Говорят про ошибки молодости. Чего только к этим ошибкам не лепят… И глупость, и неопытность, и самонадеянность, и легкомыслие. А у молодости есть одна главнейшая ошибка и самая такая, что всем присущая. Ошибка молодости – это отсутствие чувства времени. Молодым кажется, что время стоит и поэтому жить они будут вечно.
Знавал я жадного до жизни человека. Всего он добивался. И то: крепок был и статен, настырен и не глуп. Институт кончил заочно и вышел в крупные замы. В молодости красавица ему приглянулась: всех оттер, а женился. Квартиру выбил себе пятикомнатную. Дачку соорудил на загляденье. То за рубеж едет, то отдыхать на теплые моря. И деткам своим внушил, что все в собственных руках. Перевалило ему за пятьдесят. И будто подменили человека, никто его не узнает. Руки опустились, во взгляде некая растерянность… В чем же дело? Пятьдесят пять стукнуло. Все в руках человека, да не все. Всем он вертел, а тут столкнулся с таким, которое ему не поддается. Жизнь, в сущности, прошла, и ничего не сделать – некому писать заявление, некому звонить и негде хлопотать.

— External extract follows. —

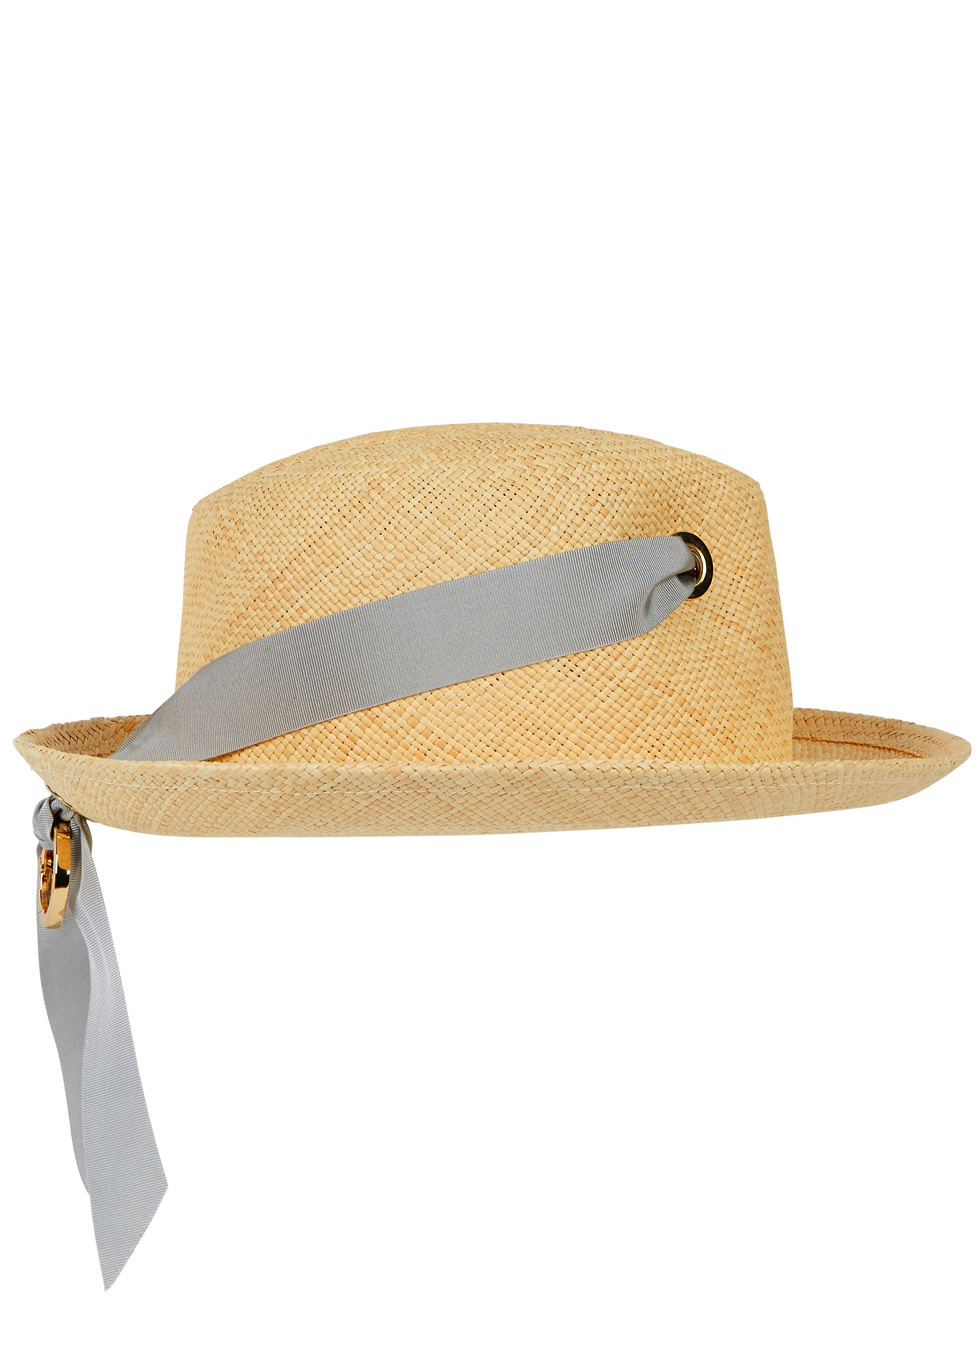 Sand straw panama hat - Federica Moretti

В молодости мне всегда хотелось спать, да было негде. Теперь есть где, да что–то не спится. В молодости постоянно хотелось есть, да было нечего. Теперь и хлеба полно, и минтая с курами, а не хочется. Но чему я буду радоваться до последних дней своих, так это тому, что мои ноги сухие и в тепле.
В свое время на «Приборе» работал со мной Васька Кулешов, механик. И вот узнал, что Васька месяц, как помер. Здоровяк под два метра, на гитаре цыганочку бренчал, жен у него водилось множество, пивко вместе пили… Не поверил я, что здоровяка Кулешова, по прозвищу Васька–кран, смертушка одолела. И человек хороший, и здоровье дубовое. Не поверил… Но вот услышал по радио, что объединению «Прибор» требуется механик. Выходит, все–таки помер Васька Кулешов.

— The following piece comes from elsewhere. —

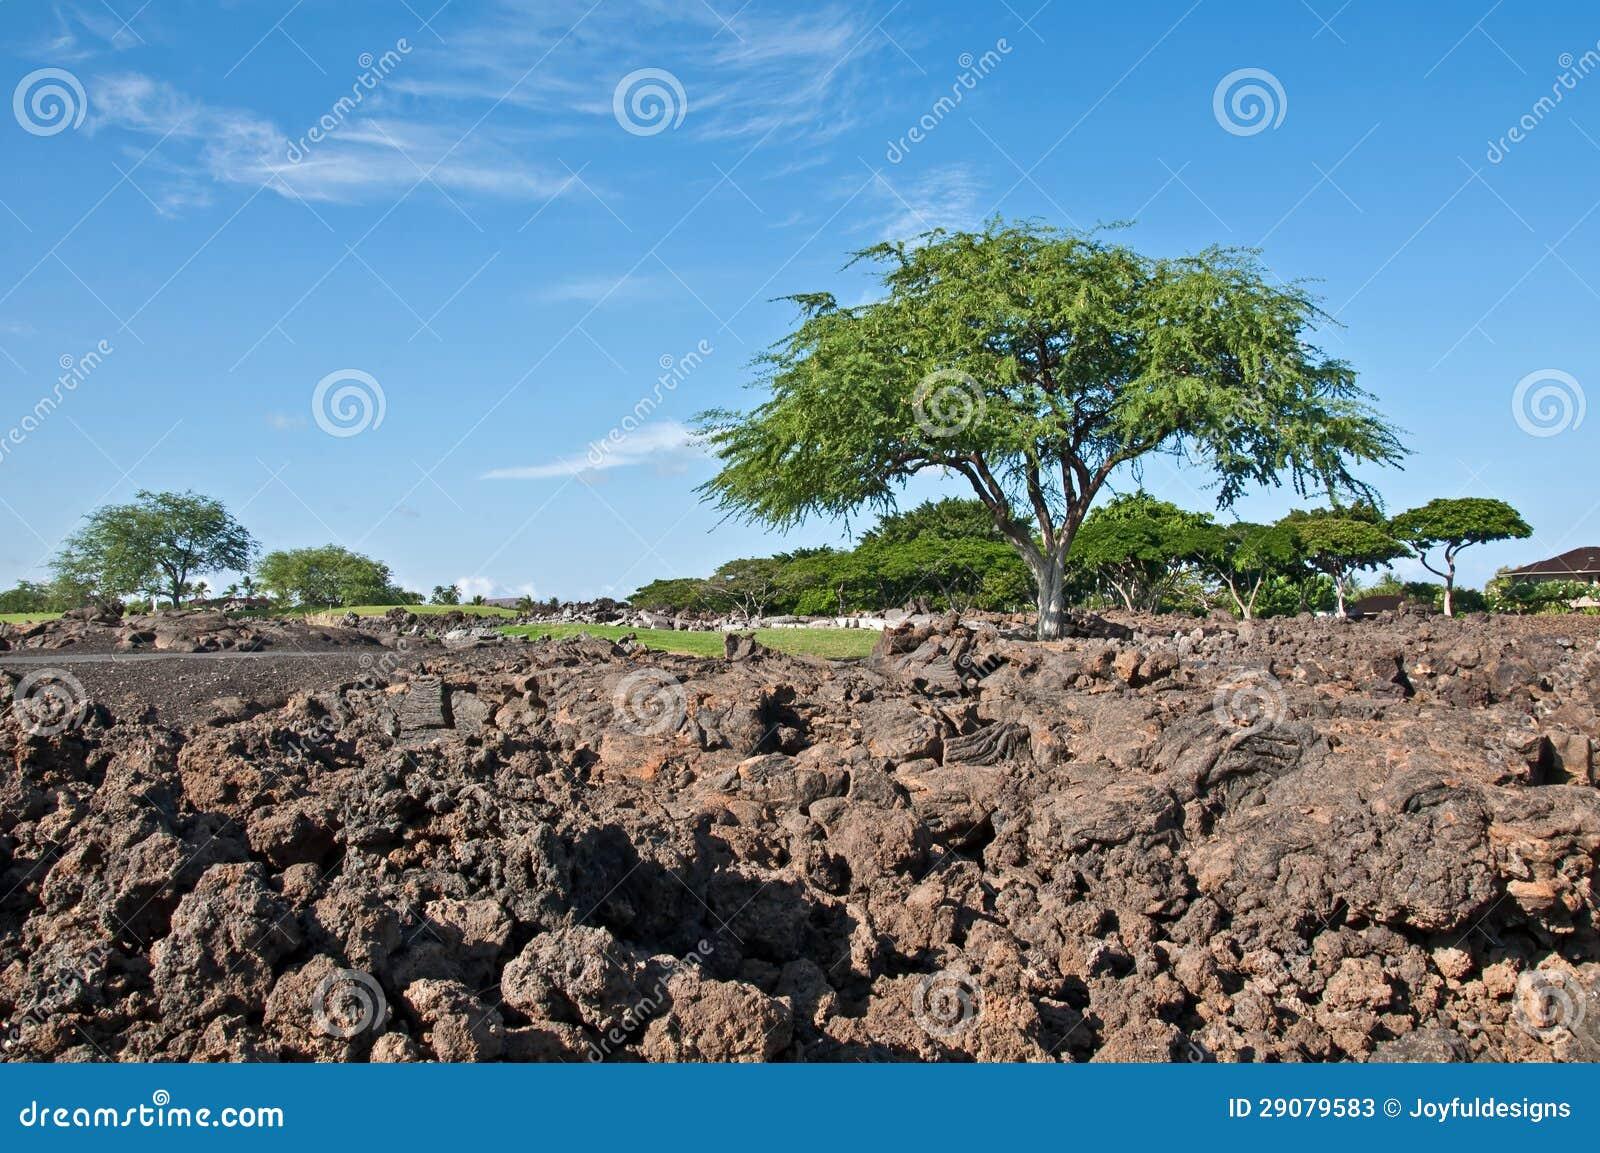 Landscaping Boulders Houston : Design ideas landscaping lava rocks in houston

Смерть, гроб, кладбище… Не их боюсь, а больницы.
Память слабеет. Когда–то я почитывал научно–популярные журналы. И вот сегодня не мог вспомнить слово «изотоп». Знаю, что в нем есть частица «оп» или «от». Каких только слов не перебрал… И бегемот, и кашалот, и гепатит, и обормот.

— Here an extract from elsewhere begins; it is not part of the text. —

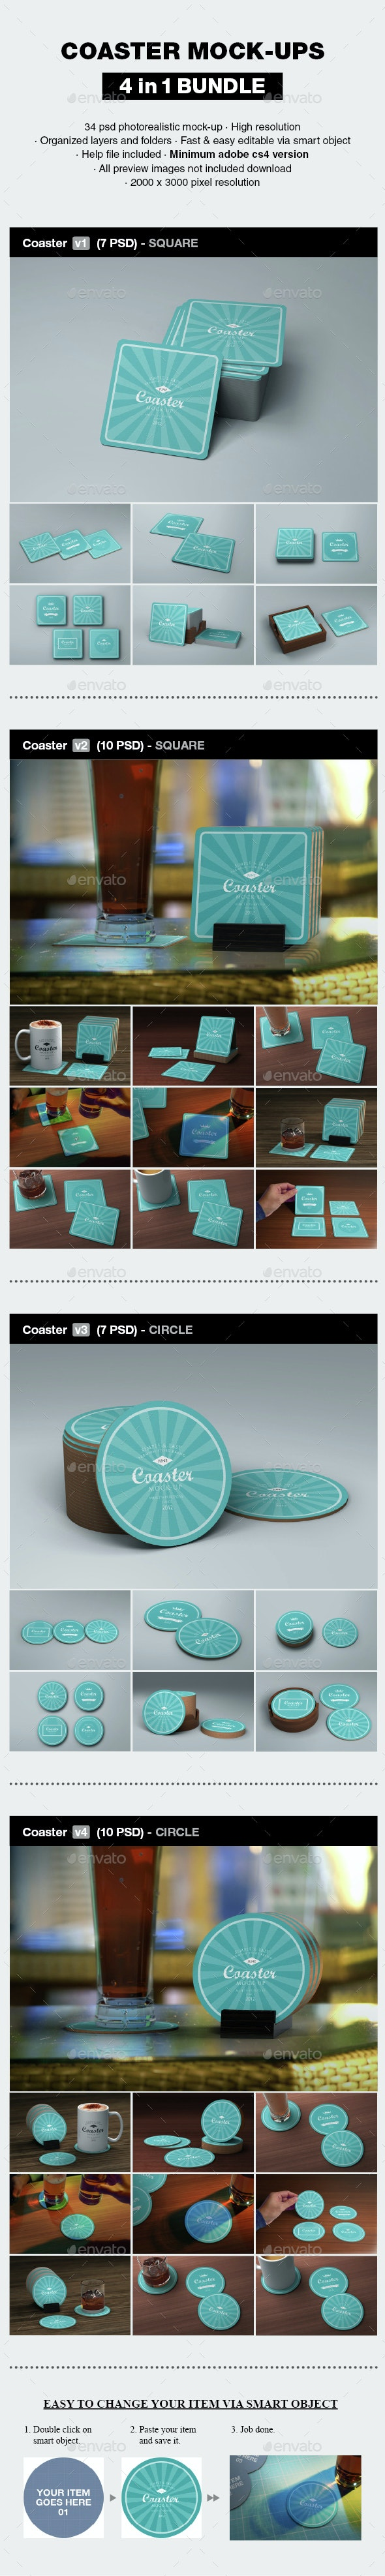 Coaster Mock-up Bundle - Print Product Mock-Ups

Сижу на кухоньке, как в глубокоземной пещере. И сумрак тут, и тишина, и даже сырость. Думаю, хорошо бы зашел кто. Да ведь некому. Тогда бы хоть позвонили по телефону. Тоже некому. К примеру, ошиблись бы номером. А вот если бы погас свет, то можно вызвать электрика и с ним поговорить. Наверху могли разлить море, потекло бы, я пошел бы к ним, назвался, мол, Анищин Иван Никандрович, претензий не имеет, спасибо за беседу… Вот так я коротал денек. В конце концов подумал: господи, хоть бы обворовал кто. Тогда и позвонили, как по волшебному слову. Я открыл дверь – Цыганка пожилая, вся в шалях да в юбках. Предлагает погадать. Посмеялся, конечно: уж все сбылось. Но в кухню цыганку впустил, где состоялась наша беседа, которую я привожу, как таковую: «Гадать не хочешь, так дай хоть хлебца». – «Неужели пустой хлеб будешь есть?» – «Голубок, а ты колбаски мне отрежь». – «Пожалуйста, не жалко. Но как же всухомятку?» – «Голубок, ты дай мне пачечку чая, я дома заварю». – «А сахар–то дома есть?» – «Дашь с килограммчик, так и будет». – «Бери, теперь вроде бы все есть». – «Голубок, у меня чайника нет…»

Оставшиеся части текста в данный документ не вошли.